== EXTRACTED ENTRIES ==

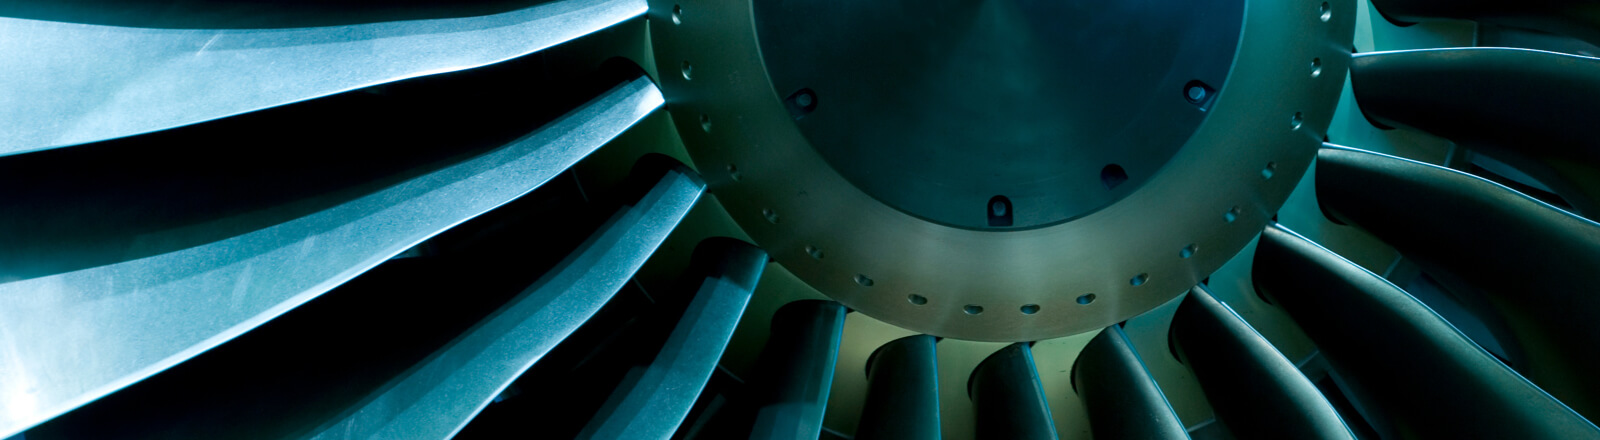 industrial-fan-turbine-aerospace-high-tech
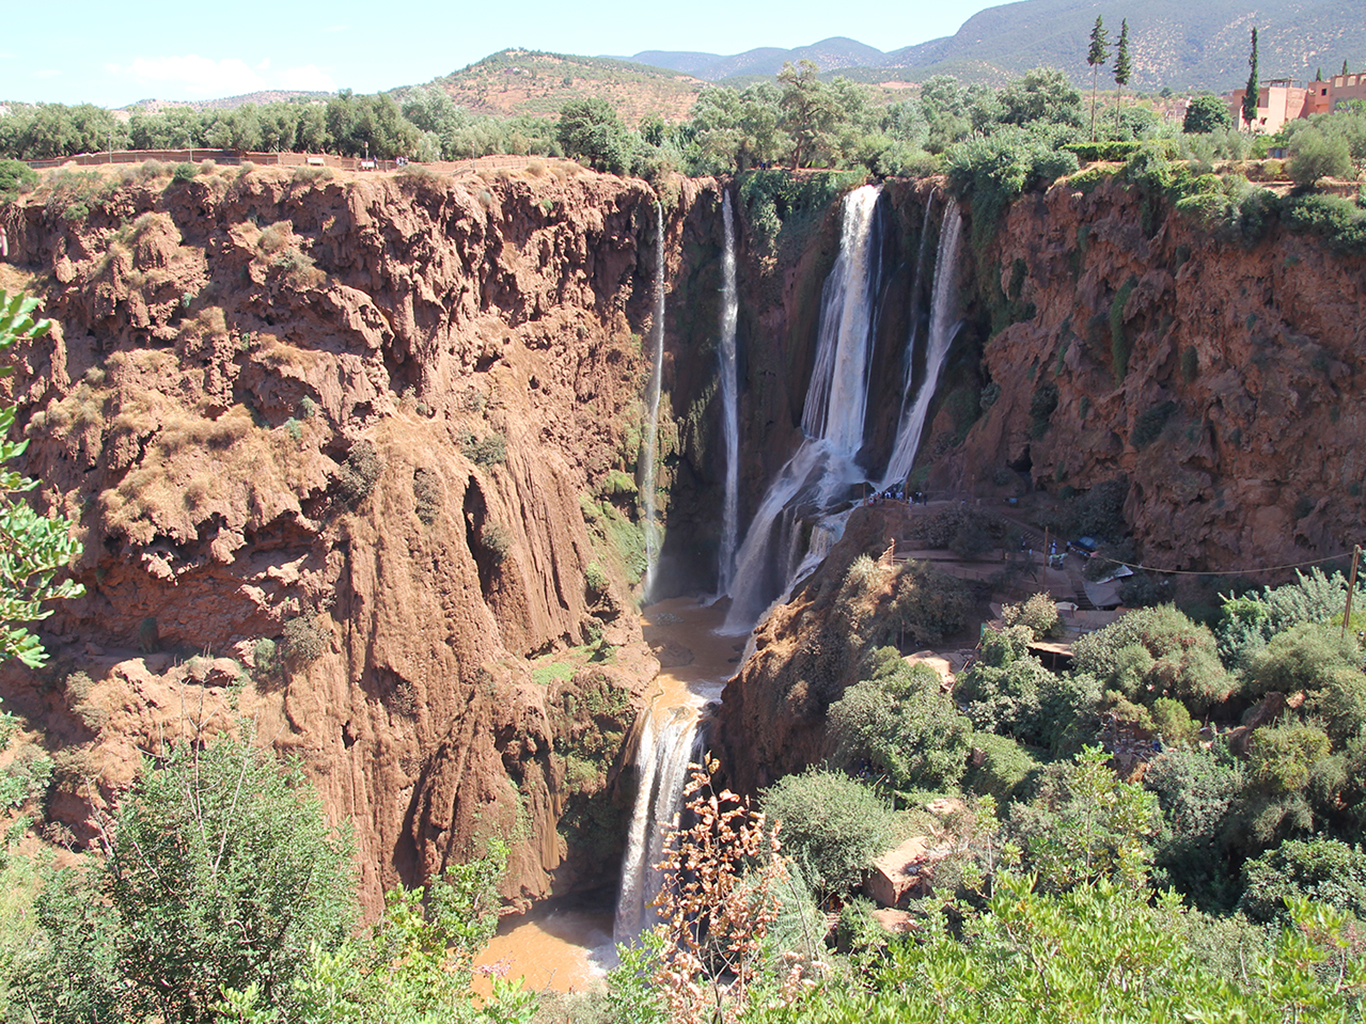 Cascades d'Ouzoud jsou nejpůsobivější vodopády v Maroku
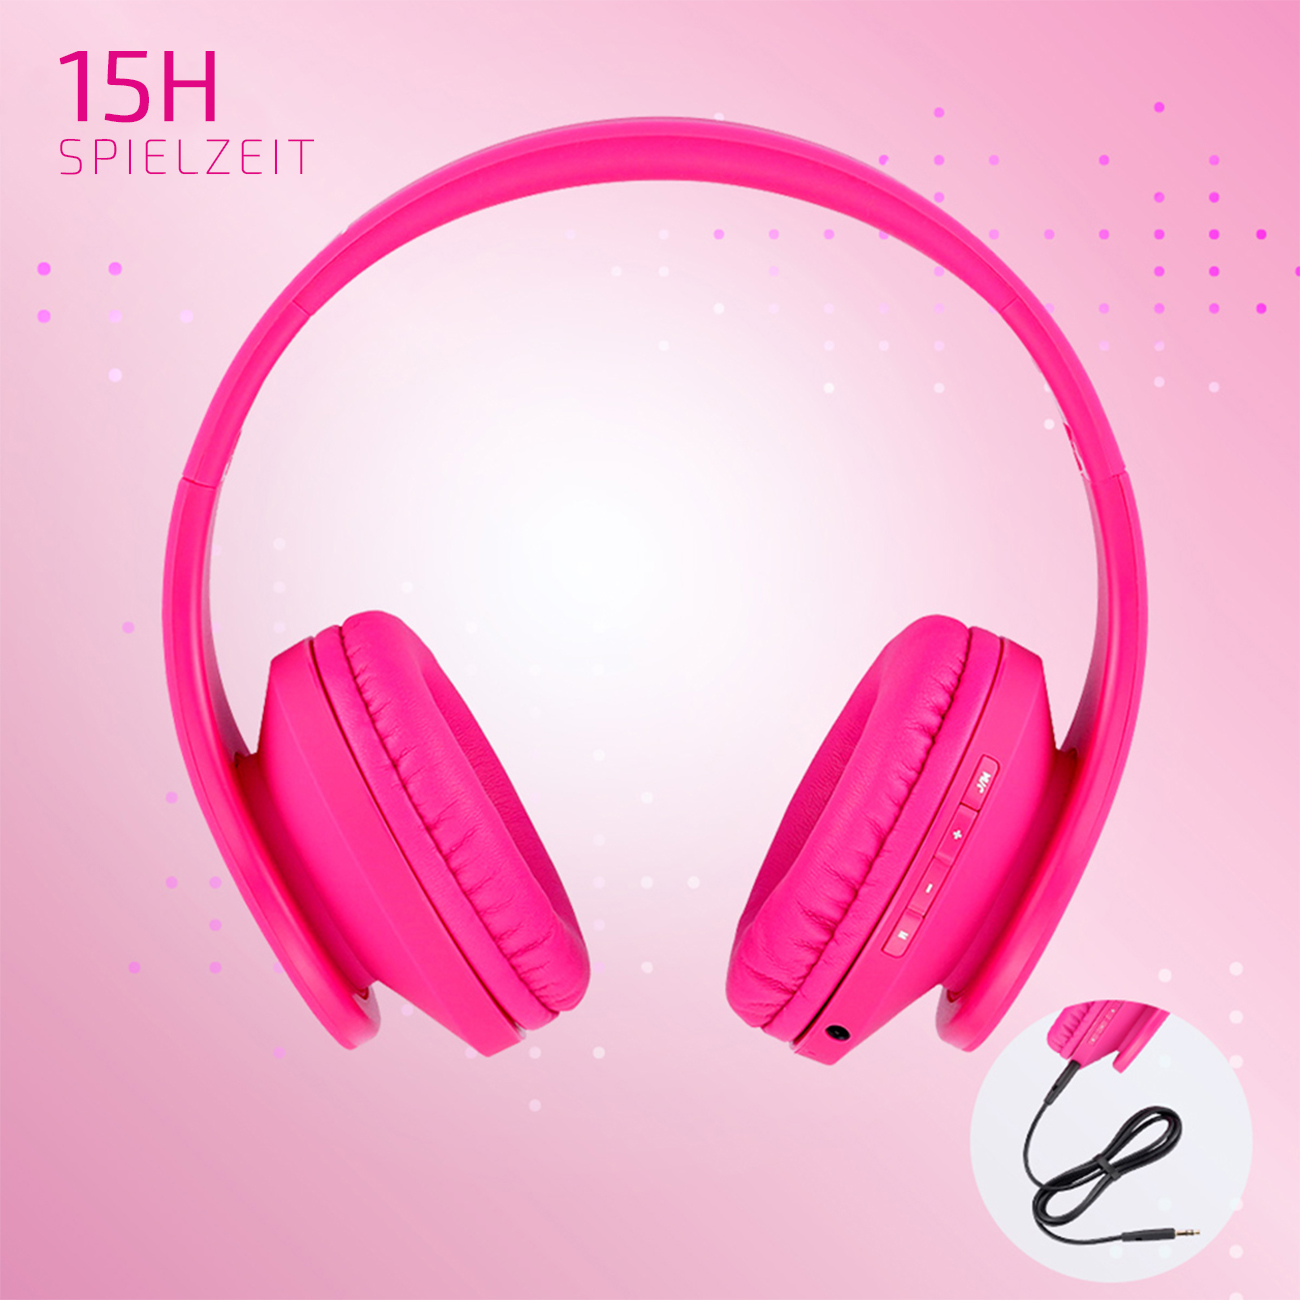 für Over-ear Kinder, Kopfhörer P2 POWERLOCUS Rosa Bluetooth
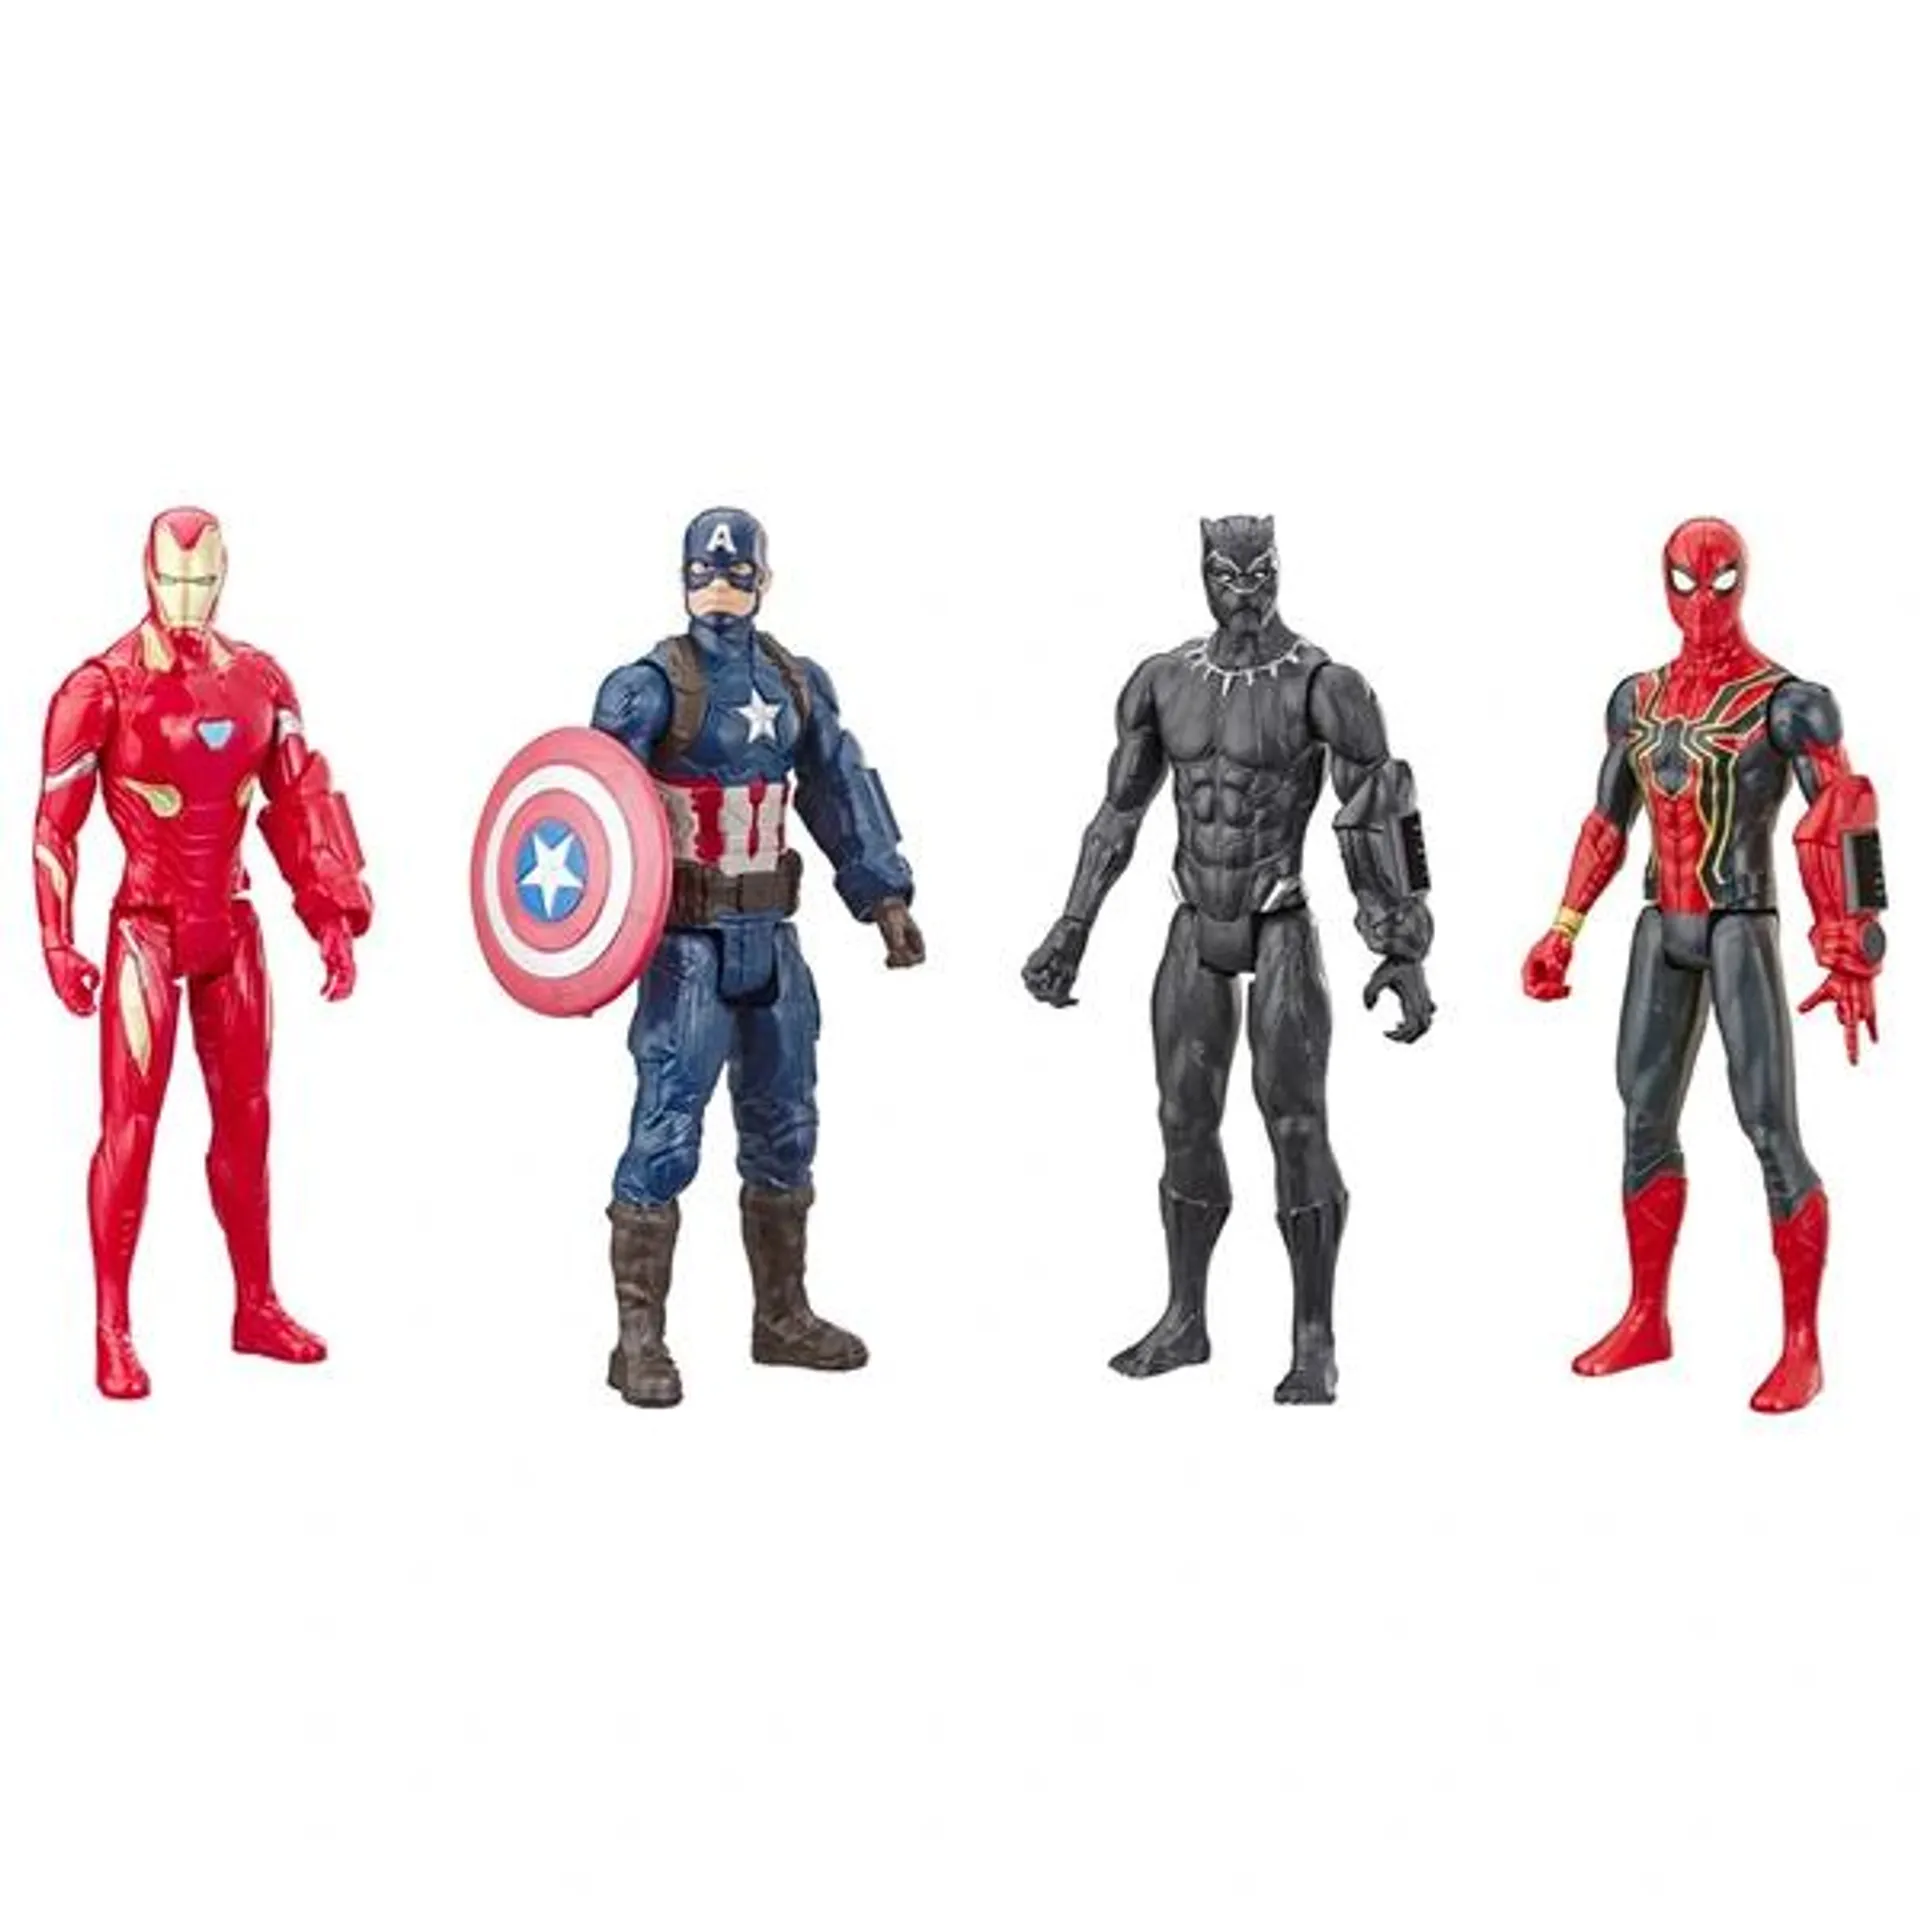 Marvel Avengers: Endgame Titan Hero Series 4-Pack
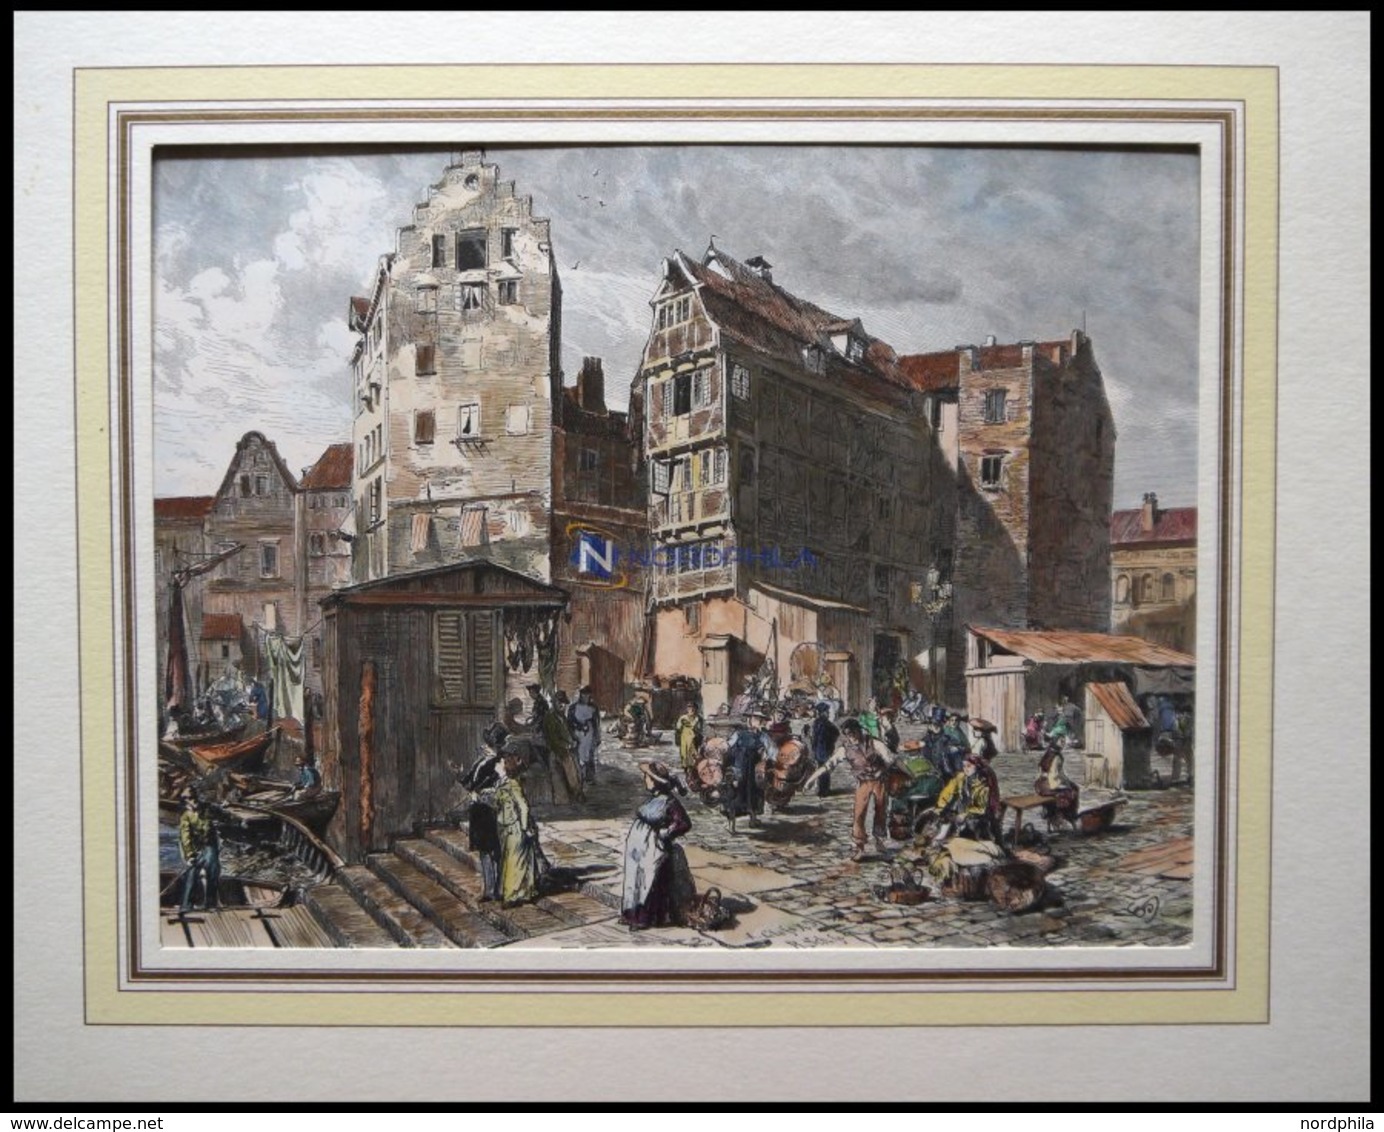 HAMBURG-ALTONA: Markt In Altona, Kol. Holzstich Um 1880 - Litografía

===

Here the job is to print all the entries above exactly, minus the images.

 industrial-fan-turbine-aerospace-high-tech
 Cascades d'Ouzoud jsou nejpůsobivější vodopády v Maroku
 für Over-ear Kinder, Kopfhörer P2 POWERLOCUS Rosa Bluetooth
 Marvel Avengers: Endgame Titan Hero Series 4-Pack
 HAMBURG-ALTONA: Markt In Altona, Kol. Holzstich Um 1880 - Litografía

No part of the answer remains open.